## Web Scraping Task – CodeVeda Internship

For my first task during the CodeVeda internship, I was assigned to scrape data from the web using **BeautifulSoup**. I chose to scrape table data about the **world's highest revenue companies**.

### Challenges Encountered

While working on this task, I ran into a few challenges:

1. **Malformed Table Rows**  
   After successfully scraping the table headers, I noticed that the `<tbody>` section of the table was not structured correctly. It contained only `<td>` elements without any enclosing `<tr>` rows. This made it technically invalid and difficult to work with.  
   To solve this, I grouped the `<td>` elements based on the number of headers so that each group formed a complete row.

2. **Advertisements Embedded in Table**  
   The table included breakpoints with advertisement text that were not part of the actual data. These ad blocks were placed inside the table structure, using `<td>` tags, which made them appear as if they were part of the data.  
   I resolved this by filtering out elements that did not fall between valid opening and closing `<td>` tags.
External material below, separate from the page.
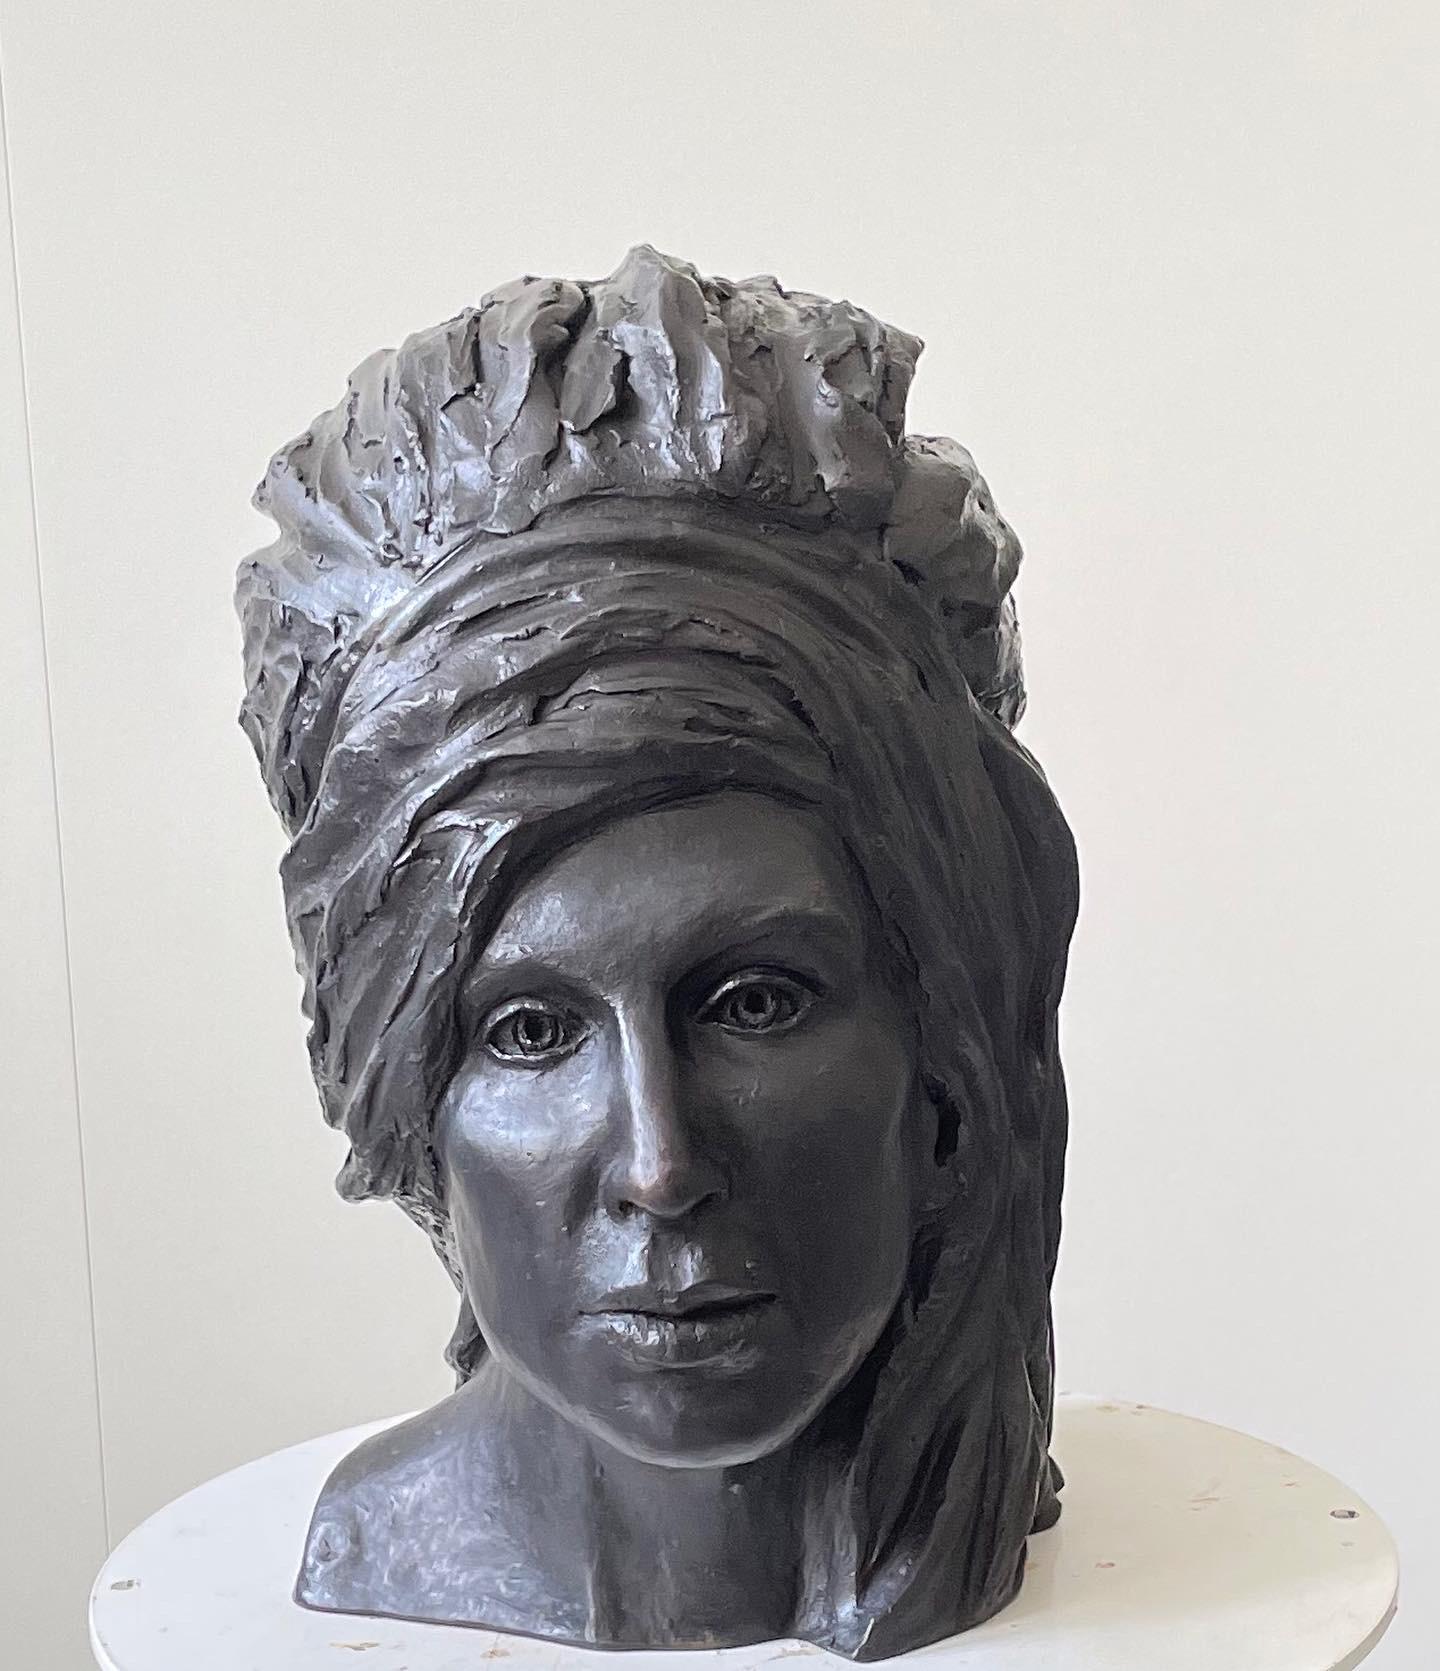 Astrid Keijser

3. **Pagination Handling**  
   The table data was paginated, with a "Next" button linking to subsequent pages. I handled this by identifying the pagination link and programmatically fetching and parsing all pages to gather the full dataset.


In [None]:
from bs4 import BeautifulSoup
import requests
import pandas as pd

: 

In [None]:
url = "https://companiesmarketcap.com/largest-companies-by-revenue/"
page = requests.get(url)

soup = BeautifulSoup(page.text, 'html')

In [None]:
table = soup.find('table', class_='default-table')
# print(table.prettify())

In [None]:
raw_table_titles = table.find_all("th")
table_titles = [title.text for title in table_titles]
table_titles

In [None]:
tbody = soup.find('tbody')
tds = tbody.find_all('td', recursive=False)
clean_tds = [td for td in tds if td.name == "td" and td.contents]

In [None]:
columns_per_row = len(table_titles)

In [None]:
# Group tds into rows
rows = [
    clean_tds[i:i + columns_per_row]
    for i in range(0, len(clean_tds), columns_per_row)
]

# rows

In [None]:
# Convert rows to plain text
data = []
for row in rows:
    data.append([cell.get_text(strip=True) for cell in row])

In [None]:
df = pd.DataFrame(data, columns=table_titles)
df

### Handle paginated data

In [None]:
base_url = "https://companiesmarketcap.com"
start_url = "/largest-companies-by-revenue/"

all_data = []
next_page = start_url

# count = 1

while next_page:
    print(f"Fetching: {next_page}")
    response = requests.get(base_url + next_page)
    soup = BeautifulSoup(response.text, "html.parser")

    # Extract your <td> data here
    tds = tbody.find_all('td', recursive=False)
    clean_tds = [td for td in tds if td.name == "td" and td.contents]
    all_data.extend([td.get_text(strip=True) for td in clean_tds])

    # Find the "Next" button
    next_link = soup.find("a", class_="page-link", string=lambda text: text and "Next" in text)

    if next_link and next_link.get("href"):
        next_page = next_link["href"]
    else:
        next_page = None  # no more pages
    # count = count + 1 

# At the end, `all_data` contains all scraped text data from all <td>s
print(f"Scraped {len(all_data)} td items.")

In [None]:
rows = [
    all_data[i:i + columns_per_row]
    for i in range(0, len(all_data), columns_per_row)
]


In [None]:
df = pd.DataFrame(data=rows, columns=table_titles)
df.sample(100)

In [None]:
# Save to CSV
df.to_csv('companies.csv', index=False)